4 人員不足による過重労働を強いられている

 私たちは人員不足による過重労働を強いられているということです。年休は年20日あるのですよ!これは労働基準法で定められています。本来なら、1人が年休を20日取得することを見込んで人員配置をしなければいけないのです。看護師が不足している、集まらないから過重労働になる→仕事がきついので辞める→さらに人が減る、という悪循環となっています。 もはや、看護師の人員不足は悠長な対応を待っている場合ではありません。現に今頑張っている皆さんの健康を守るためにも、看護師の業務を見直し(看護師でなければいけない業務、他の職種でも行える業務に分けるなど)、周辺の他職種にも応援を頼み負担を減らしていくことを考えるべきです。

5 未払いとなっている時間外労働

 交替制勤務なのに時間外労働があるのは、元々人員が足りないからです。1日24時間以上の仕事をさせられているからです。日勤の後や夜勤明けに時間外労働があるようではおかしいです。始業時前の勤務、昼休みの勤務はすべて時間外労働です。 時間外労働は一日あたりで切り捨てることは出来ません。たとえ10分でも時間外労働は時間外労働です。

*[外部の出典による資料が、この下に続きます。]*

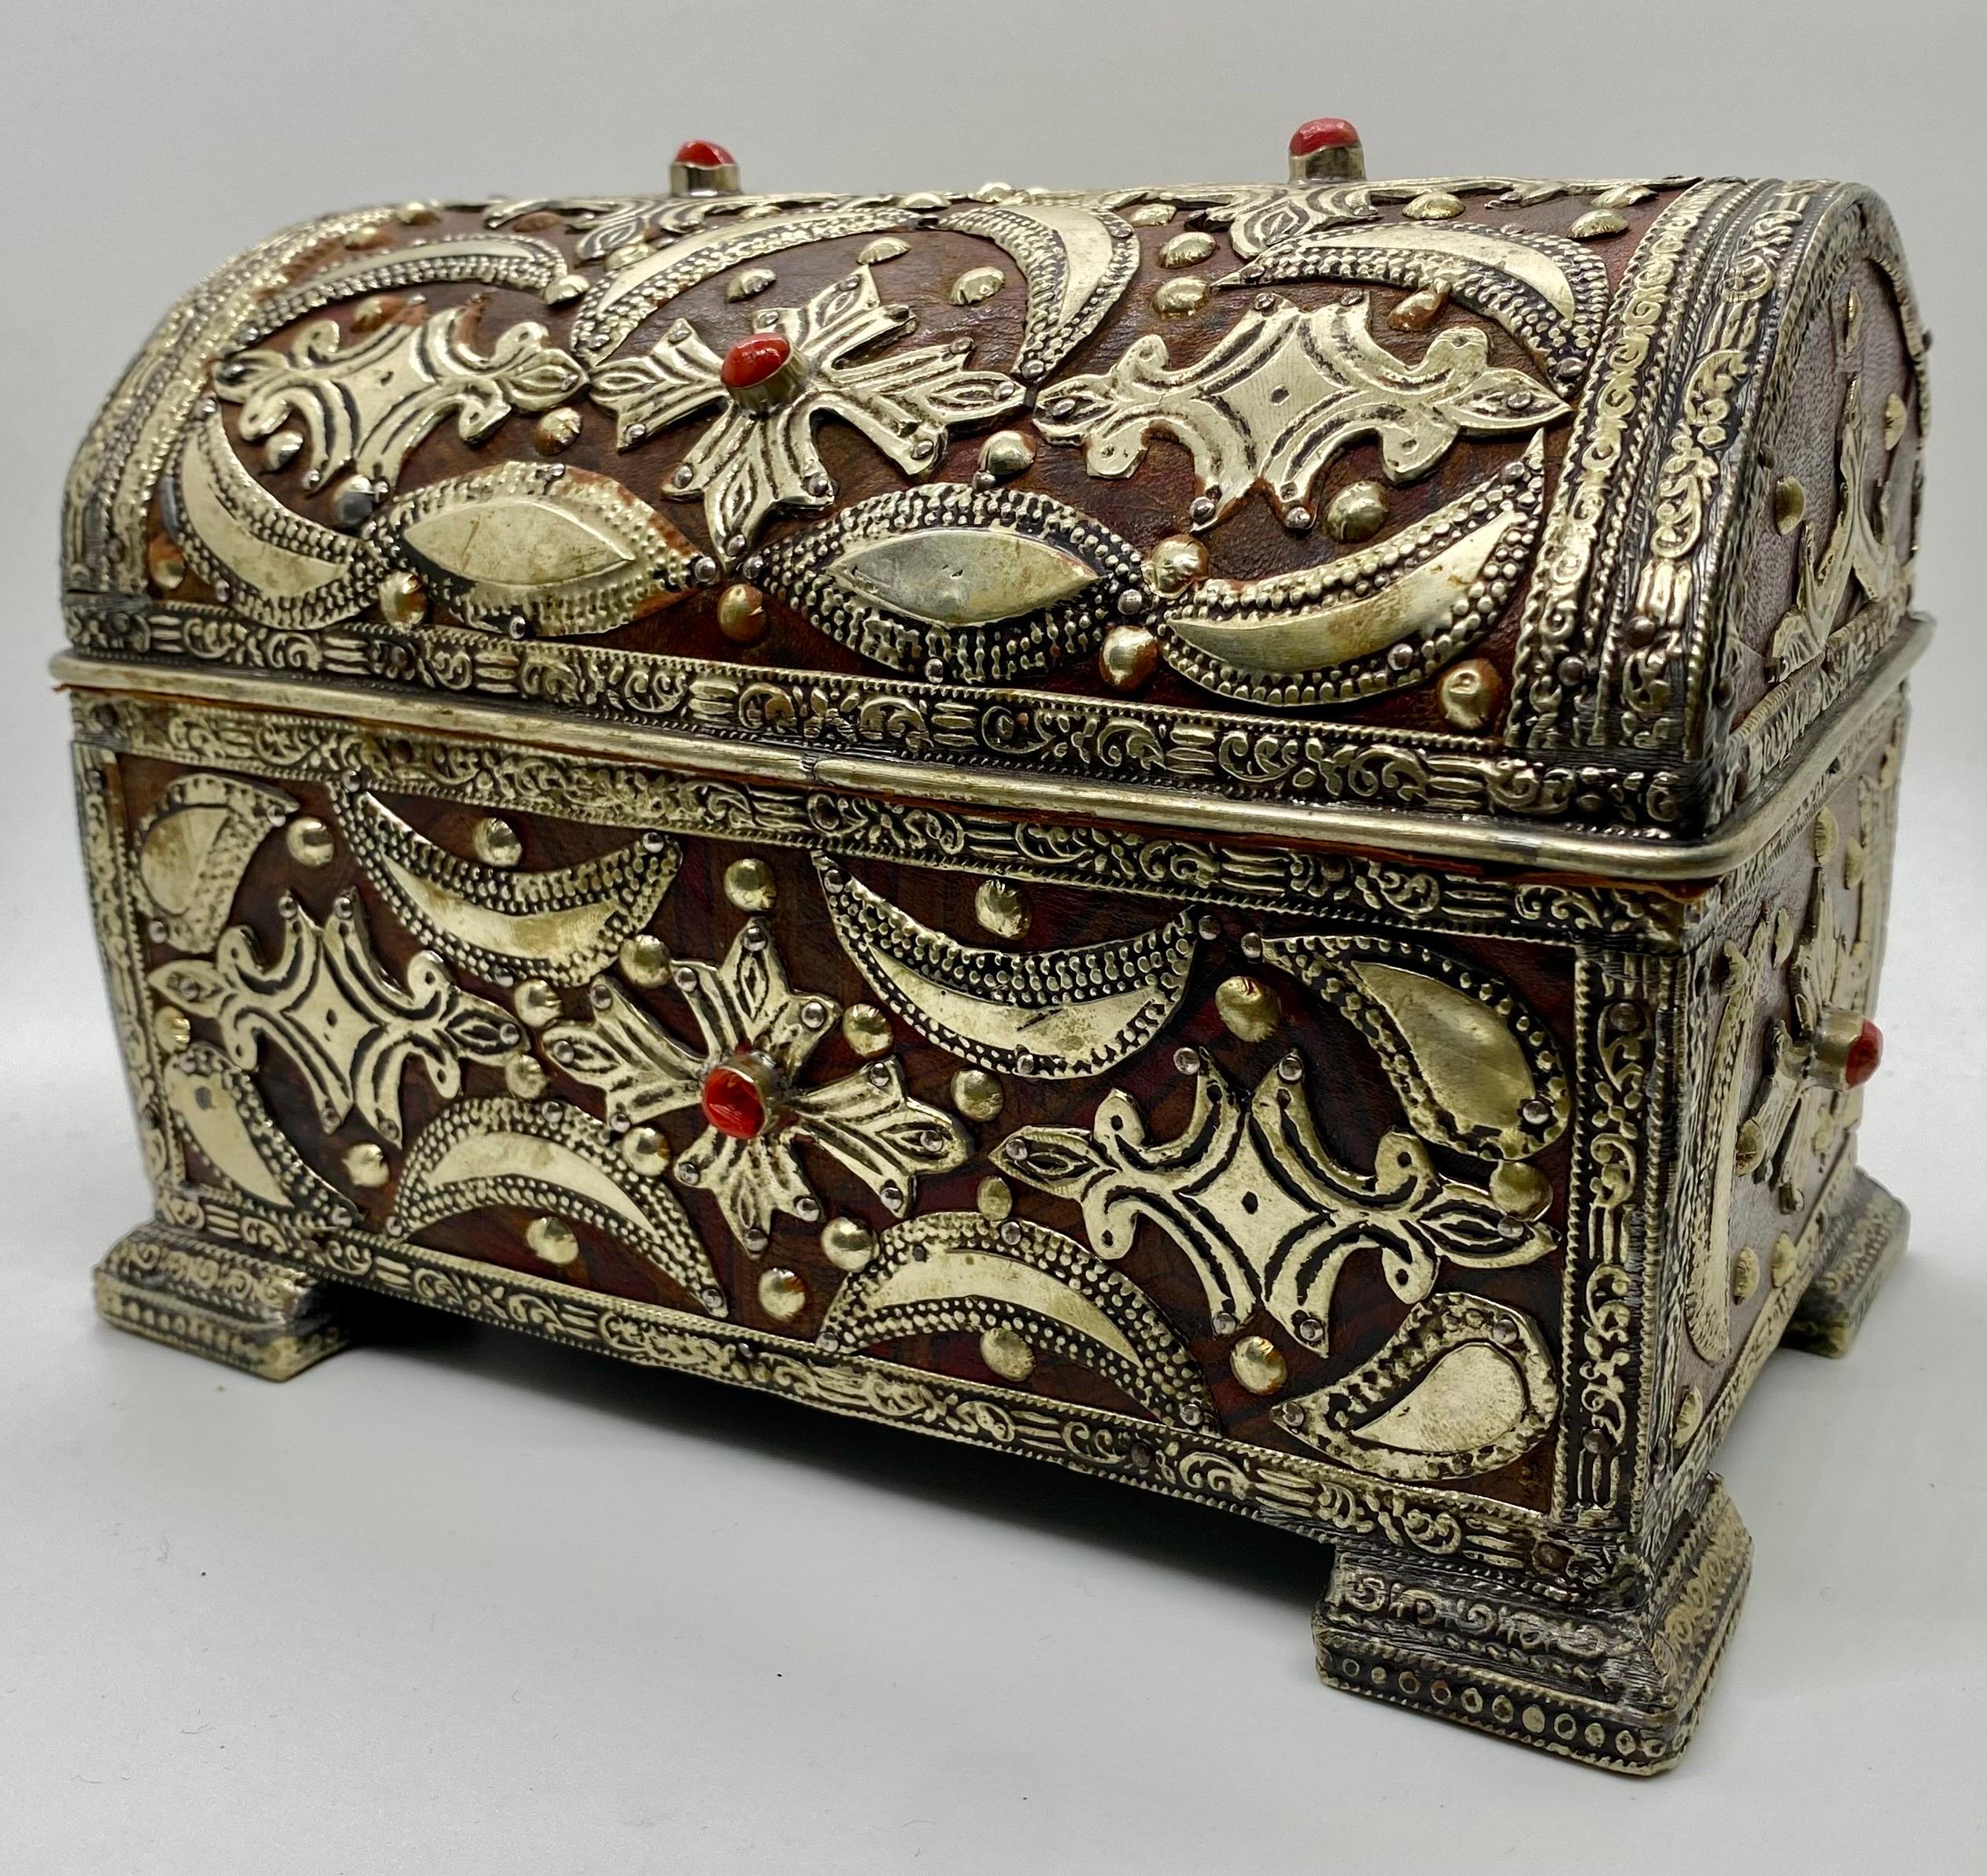 An exquisite French Gothic style jewelry box or small chest, a testament to the timeless allure of craftsmanship. Adorned with intricate brass inlay on genuine leather, this box emanates an aura of sophistication and heritage. 
Adding a touch of

「そんな細かいことを」と思うかもしれませんが、それを月で集計したら何時間になりますか?年間なら何時間になりますか?(因みに毎日15分の時間外労働をしたら、少ない人でも年間で13万円以上の時間外勤務手当が発生します。) 皆さんはボランティアで業務をしているのですか?労働して、その対価として報酬をもらっているのではないですか?タダ働きをしてはダメです。私たちには自分たちの業務に見合った給料を要求する権利があります。我慢してしまったら、いつまでも改善されません。

6 健康で働き続けられる職場を目指して

 公共労は、「夜勤・交替制勤務者は週32時間勤務にし、勤務の間隔は12時間以上とすること」という要求をしています。「週32時間」は突飛な要求だと感じるかもしれませんが、ILO条約では「夜間労働者は少なくとも日勤労働者より勤務時間を軽減すること」となっています。このILO条約を日本は批准していませんが、世界的には夜勤・交替制勤務者はそれだけ過酷な労働をしているということで、勤務時間の軽減を図ることは常識です。 また、ILO条約では次の様に勧告しています。「看護職員の報酬は、看護職員の社会的及び経済的必要、資格、責任、任務及び経験に相応する、看護職に固有の拘束及び危険を考慮に入れた、看護職員をその職業に引き付けかつ留めておくような水準に決定されるべきである」と。私たちの報酬は少なすぎます。

7 終わりに

 看護師は、これだけの業務をやっている!やらされている!だから、それに対する処遇改善を!とみんなで声をあげなければいけません。私たち一人ひとりが声をあげて闘う必要があります。  公共労は、看護師の処遇改善を目指し本格的な闘争を行おうとしています。まずは、看護師さん一人ひとりが「現在の自分たちの処遇はおかしい、改善させなければいけない」と意識していただきたいと思います。

もっと皆さんの声を結集してください。仲間が次々と辞めて行くような職場を改善して行きましょう!